Daniel moved around to her side of the desk, leaning over her shoulder to frown at the list. "In the past, many female authors have chosen to publish their works under male nom-de-plumes for a variety of reasons. Mostly because Victorian women were expected to attend to hearth and home and were not supposed write novels."
"A very nineteenth-century viewpoint." Carolyn shook her head.
"The idea was not always without merit." Daniel shrugged as he began to run his fingertip down the list of names. "The Bronte sisters, Louisa May Alcott, Violet Paget and one of my personal favourites, Mary Ann Evans who wrote under the pseudonym of George Elliot."
"I still don't see how any of these women can help us with our issue." Carolyn ran a weary hand over her eyes. "I must be more tired than I thought..."
"My proposal is what if we reverse the process? What if we allow a rumour to circulate that Carol Gregg is not a woman at all, but a man? That would set the Bangor lot firmly back on their heels."
"I…" Carolyn leaned around to stare up at him.
She opened her mouth again but nothing more came out. The sheer, unadulterated audaciousness of the whole idea took her breath away. But her green eyes glittered with cautious approval.

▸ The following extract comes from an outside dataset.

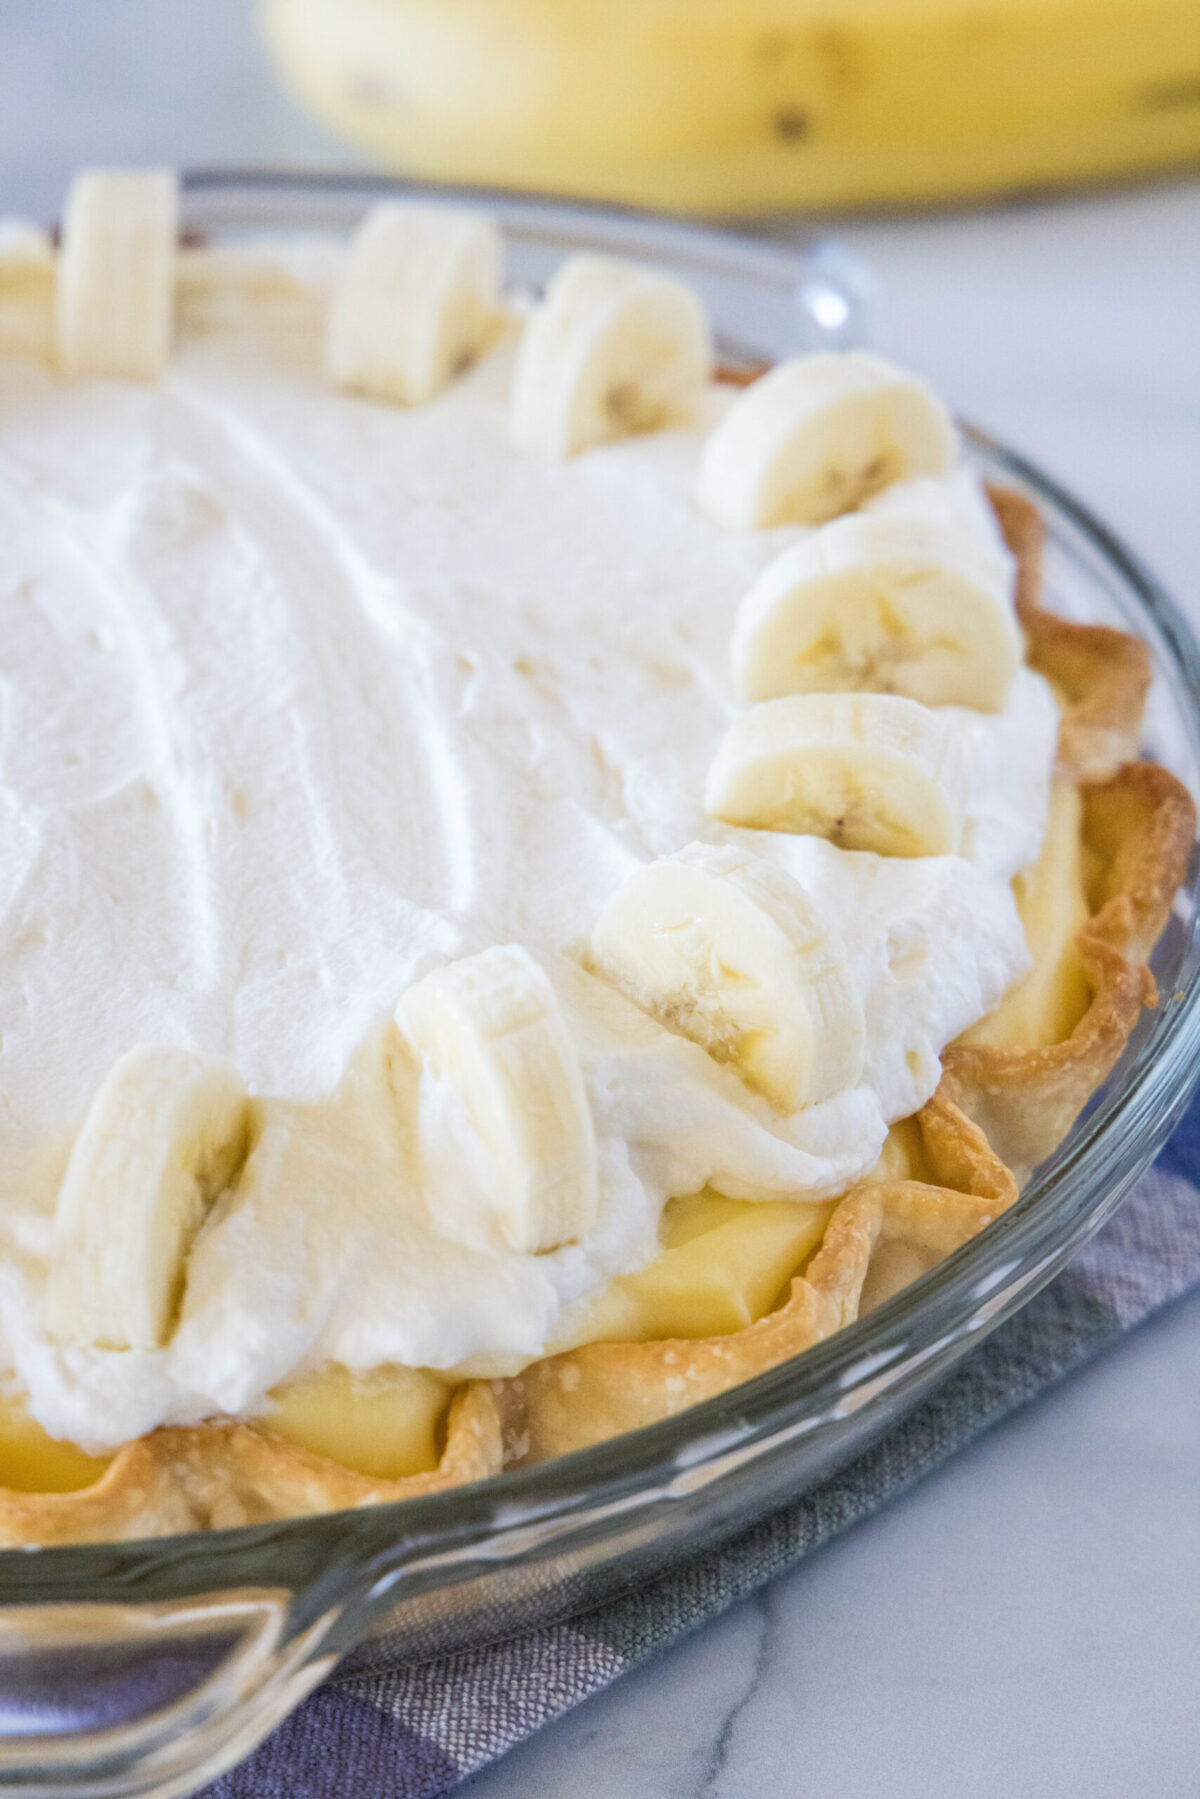 Close up view of a banana cream pie

"Excellent. Then, leave it all to me and Martha." Daniel nodded with satisfaction. "The less you know the more you can deny, deny, deny."
He reached to take the scroll from her, pointing to the bed with his free hand. "Now, get yourself to bed, woman. I will not have you being pulled all about by a bunch of prying old battle axes. I have faced down worse than those Bangor harpies and won."
"Since you put it that way…" Carolyn rose from her chair. "Thank you, Captain."
"Do not fret, my dear. Your slumber will not be disturbed tonight. I shall keep watch on the bridge until sunrise." Daniel smiled as he dematerialised.
"I guess that means there's no dream for me tonight…" Carolyn looked after him with regretful eyes.